这是一份收购案的绝密档案。
五年前,沈家破产,父亲跳楼,母亲疯癫。
所有人都说是沈家经营不善,资金链断裂。
谢砚辞这时候出现,替沈家还了债,收养了沈安,娶了我。
所有人都说他是我的救世主。
我也这么以为。
我把他当成神,当成光,当成这辈子唯一的依靠。
我翻开文件。
每一页,都是谢砚辞针对沈家布局的证据。
甚至连父亲的死,都是他一手策划的逼迫。
最后的一页,是一张体检报告。
谢柔的。
【肾脏衰竭,需尽快进行移植手术。】
下面是一行批注:
【供体已锁定:沈宁。匹配度:99%。】
【备注:需长期控制供体情绪,保持身体健康,待时机成熟进行摘除。】
轰隆一声。
窗外打了个雷。
原来这五年,我不是“金丝雀”,不是“替身”,甚至不是一个“人”。
他娶我,不是因为爱,也不是因为愧疚。
是为了他的“信仰”能活下去。
他给沈安治病,不是因为仁慈。
是为了拿捏我的软肋,让我乖乖听话,哪怕被抽干了血也不敢跑。
我冲进洗手间,对着马桶干呕。
我抬起头,看着镜子里的自己。
脸色惨白,眼窝深陷。
这就是谢砚辞想要的吗?
一个健康的、听话的、随时可以去死的备件。
我端起那锅汤,倒进了旁边的绿植盆栽里。
滚烫的鸡汤浇下去,娇贵的兰花瞬间萎靡。
谢砚辞,既然你要我的肾。
那我就把你的心,连同你的“信仰”。
一起挖出来。
随后我拨通一个号码,对面传来一道慵懒的男音。
“哪位?”
“我是沈宁。
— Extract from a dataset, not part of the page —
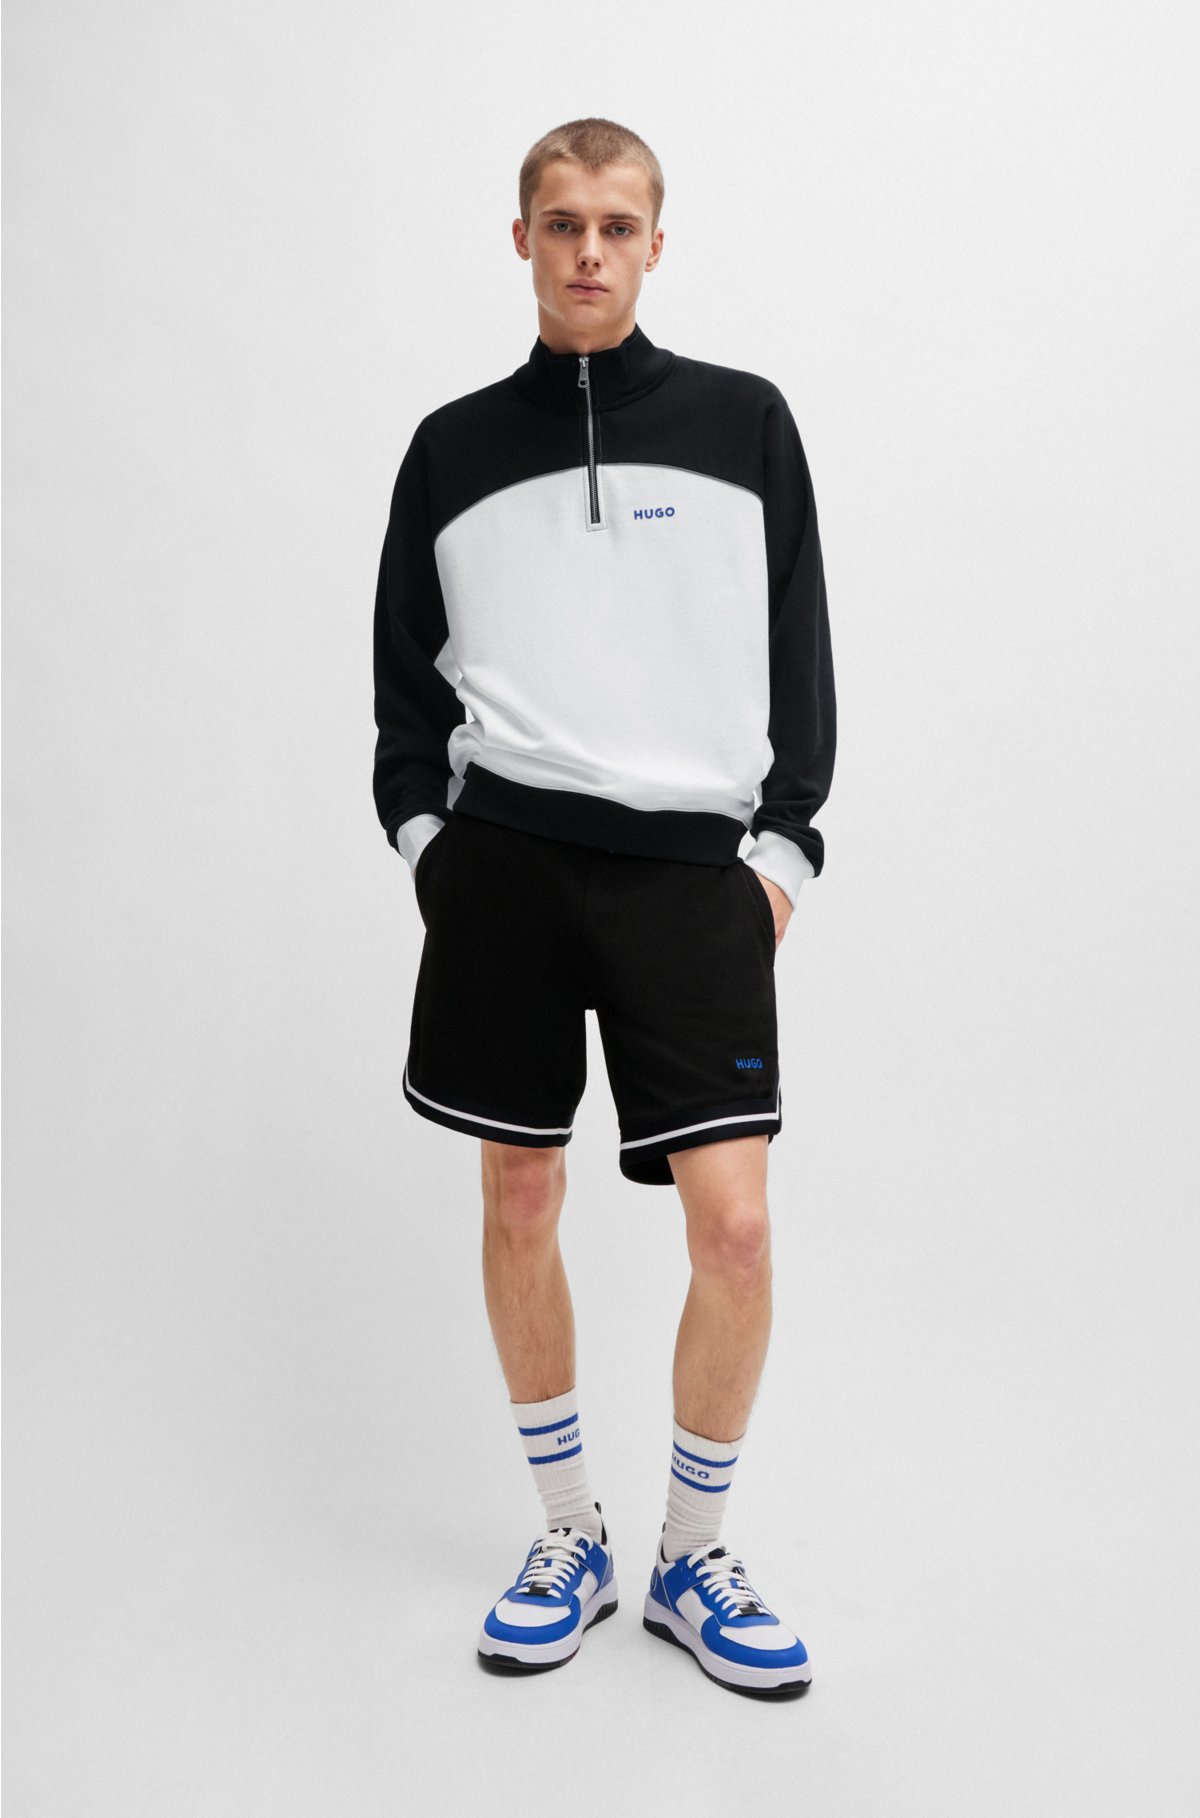 Mesh shorts with contrast logo and tape, Black

”对面沉默了两秒。
随即传来一声轻笑。
“稀客啊,谢太太找我有什么指教?难道是谢砚辞不行了,你想改嫁?”
“我想送你一份大礼。”
我看着窗外灰蒙蒙的天空。
“明晚八点,魅色酒吧,V8包厢。”
“我等你。”
“好,只你我?”“只你我。”
第5章
凌晨两点。
楼下传来引擎声。
我躺在床上,闭着眼,调整呼吸。
房门被推开。
一股浓重的酒气混合着香水味涌进来。
那是谢柔常用的香水,也是今晚我没资格去闻的味道。
床垫陷下去一块。
谢砚辞坐在床边。
他伸手,带着凉意的手指抚上我的脸。
“睡了?”声音有些哑。
我睁开眼,眼神迷离,装作刚醒的样子。
“嗯......你回来了。”
我甚至主动蹭了蹭他的掌心。
谢砚辞显然愣了一下。
这五年,每次他晚归,我都会闹别扭,或者背对着他不说话。
从来没有这么顺从过。“怎么没发脾气?”
他收回手,解开领带,随手扔在地上。
“王妈说你把汤倒了。”
我坐起来,揉了揉眼睛。
“汤凉了,我想着重新熬一锅,结果不小心烫了手,把花盆给砸了。”
我伸出右手。
手背上一大片红肿,起了几个燎泡。
这是我刚才故意用开水烫的。
为了让他信,这点疼算什么。
谢砚辞的视线落在我的手上。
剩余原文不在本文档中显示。